Humans and Really Really Large Numbers

The following conundrum can be found at Overcoming Bias:

3^^^3 is an exponential tower of 3s which is 7,625,597,484,987 layers tall.  You start with 1; raise 3 to the power of 1 to get 3; raise 3 to the power of 3 to get 27; raise 3 to the power of 27 to get 7625597484987; raise 3 to the power of 7625597484987 to get a number much larger than the number of atoms in the universe, but which could still be written down in base 10, on 100 square kilometers of paper; then raise 3 to that power; and continue until you've exponentiated 7625597484987 times.  That's 3^^^3.  It's the smallest simple inconceivably huge number I know.

Now here's the moral dilemma.  If neither event is going to happen to you personally, but you still had to choose one or the other:

Would you prefer that one person be horribly tortured for fifty years without hope or rest, or that 3^^^3 people get dust specks in their eyes?

I'm reminded of the well-known saying “Extraordinary claims require extraordinary evidence.” A ratio of 3^^^3 is an extraordinary claim and I'm not sure the evidence needed to establish it can be stuffed into human minds as presently constituted.

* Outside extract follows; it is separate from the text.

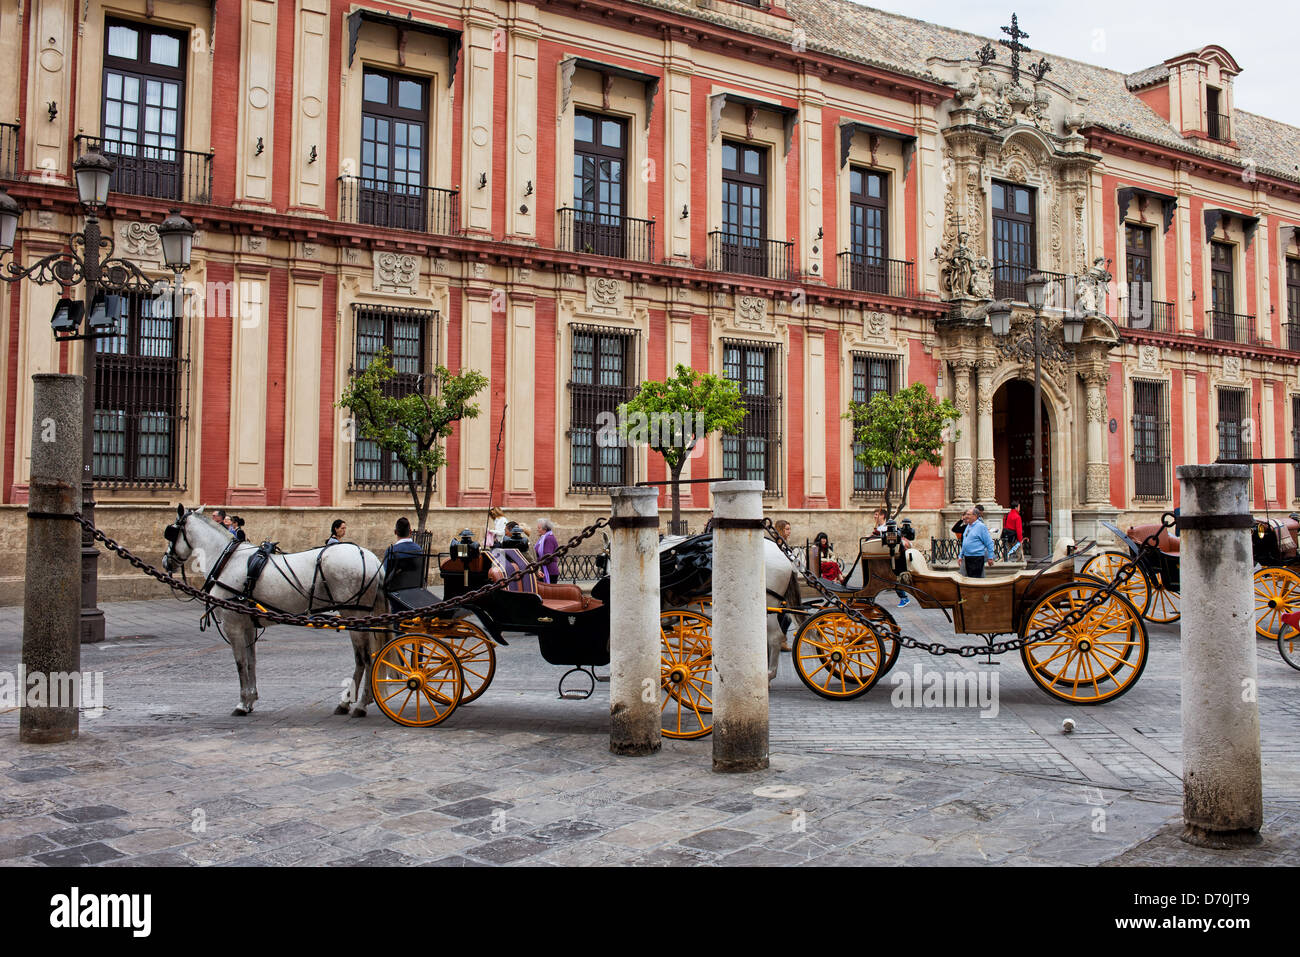 Ciudad Vieja de Sevilla pintoresca arquitectura histórica (zona próxima a la Catedral) y carruajes de caballos, Andalucía, España. Foto de stock

Given that any such ratio is currently dubious, one part of the claim or the other is bound to be less certain. I can think of two possible back stories for the decision:

• We can establish the Union of Dust-Free Socialist Republics that will prevent a calculated 3^^^3 dust specks if we only torture just one dissident for fifty years.

• We have an anti-dust vaccine ready, but an article in The Journal of Really Dubious Medical Research claims that after it has been used 3^^^3 times, an Alien Space Bat will be attracted to human civilization. It will then kidnap somebody to torture for fifty years.

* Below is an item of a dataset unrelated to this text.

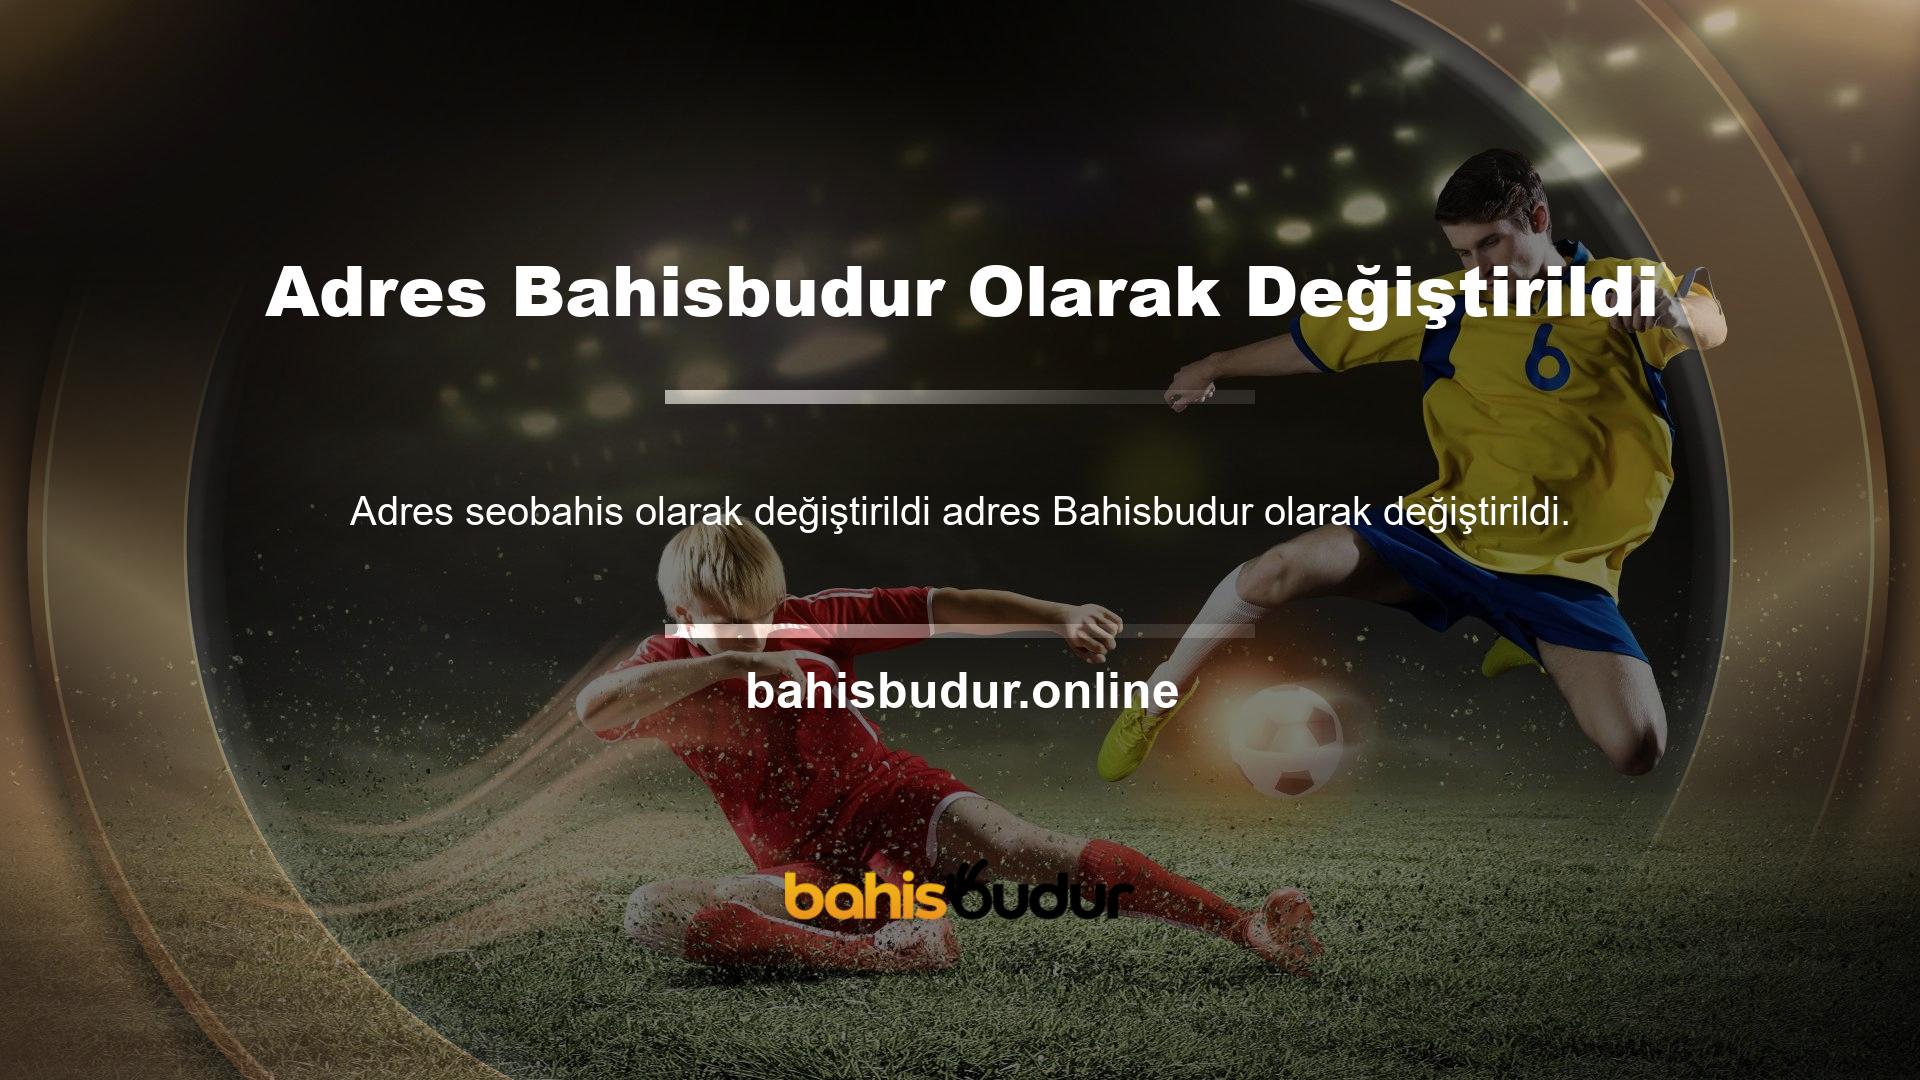 Bahisbudur giriş adresi siteye giriş yapmak için en iyi seçeneklerden biridir

In the first case, we should stop the torture and in the second case, we should stop the dust.

The really disturbing part

The really disturbing part of the above reasoning (to this Platonist mathematician who's unwilling to be expelled from the Cantorian paradise) is what it implies about axioms of infinity. If human beings are unable to think properly about very large finite numbers, consider how much more we are unable to comprehend infinite numbers …

I'm reminded of the saying “This is not mathematics. This is theology.” (about the more abstract parts of mathematics). There's also the following passage from The Hitch Hiker's Guide to the Galaxy:

The car shot forward straight into the circle of light, and suddenly Arthur had a fairly clear idea of what infinity looked like.

It wasn't infinity in fact. Infinity itself looks flat and uninteresting. Looking up into the night sky is looking into infinity—distance is incomprehensible and therefore meaningless. The chamber into which the aircar emerged was anything but infinite, it was just very very big, so that it gave the impression of infinity far better than infinity itself.

On the other hand, if there's anything to Roger Penrose's speculations, maybe we are able to think in terms of infinity … which doesn't explain why thinking in terms of very large finite numbers is so difficult. Maybe the MIPS are infinite but the IO is limited. Maybe after the Singularity, we'll be able to absorb the data needed to make a decision. Maybe I've been using the term “maybe” too often in this paragraph.

One possible way to rehabilitate axioms of infinity is to think of them as establishing the consistency of finite mathematics. A consistent system cannot yield its own consistency but it can prove the consistency of simpler axiom systems, especially when a model of the simpler system is embedded. So the axiom of infinity will establish the consistency of finite mathematics and the power-set axiom will establish the consistency of finite mathematics plus the assumption of the consistency of finite mathematics, etc.

Addendum: If something similar to the above defense of the theological type of mathematics were applied to religion itself, I'm sure it would be regarded as a threadbare excuse at Overcoming Bias.